By 1870, more boats arrived from Naples and Genoa, ranging from 30 to 60 Italian immigrants, but many merchants also entered the country every day. During that period of time, the country created very free immigration reforms, which attracted more immigrants from the world, many Italians arrived between 1876 and 1879, several boats to the country stand out, mainly from Campania and Liguria, between 1870 and 1879, it is estimated that more than 2,500 Italians entered the country, at that time El Salvador was the main receiver of Italians in Central America, mainly attracted by various agricultural opportunities. In 1880 to 1889, more than 2,000 Italians arrived in the country mainly from Campania and Piedmont, many boats of more than 100 Italian immigrants arrived at the Salvadoran coasts, these boats sailed from Naples and Liguria, this time was highlighted by arrivals of lower-class Italians and some professionals, however, also there were nuns and priests who came to the country to found several churches, schools and important organizations. In 1890, Italian immigration grew exponentially, it is estimated that between 1890 and 1899, more than 6,500 Italians arrived in the country, the vast majority arrived at the port of La Libertad Department (El Salvador), several architects and other Italian professionals arrived, such as those who built the Santa Ana Theater.

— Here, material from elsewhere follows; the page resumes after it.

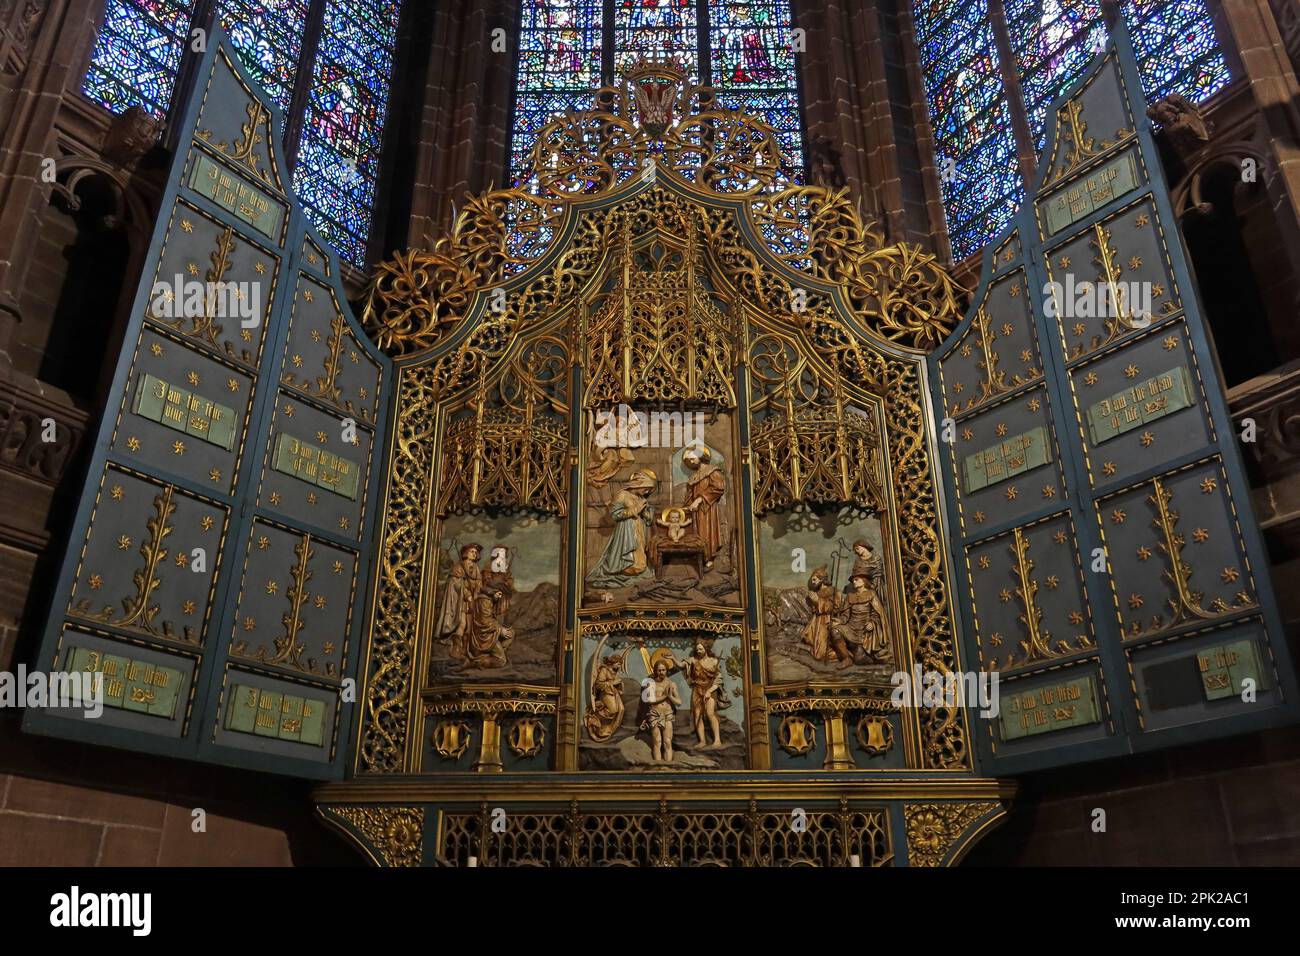 Scotts Lady Chapel, Altar, anglikanische Kathedrale Liverpool, St. James' Mount, Liverpool, Merseyside, England, Großbritannien, L1 7AZ Stockfoto

In 1890, many Salesians arrived in the country from Turin, they set sail on ships full of Italian immigrants and arrived at the port of La Libertad Department (El Salvador), many stayed in the city of Santa Tecla, El Salvador, where they founded various organizations and schools such as the Colegio Santa Cecilia, which It was founded in 1899 by Italians.

In 1898, the first Italian organization was founded in El Salvador and the first in Central America, the Sociedad de Asistencia y Beneficencia entre Italianos en El Salvador, better known as the Italian Assistenza, the objective of this organization is to help newly arrived Italians to get a job and help them financially while they got it.

Twentieth centuryEdit

The time was characterized by the massive entry of Italians into the country, between 1900 and 1909 more than 10,000 Italians arrived in the country from all Italian regions, at that time, El Salvador was the second largest recipient of Italian immigrants in Central America, many seeking better opportunities for their businesses and improve their quality of life, where several merchants and Italians entering the country stand out, many standing out in areas such as Education, Music, Agriculture, Industry, Commerce and infrastructure.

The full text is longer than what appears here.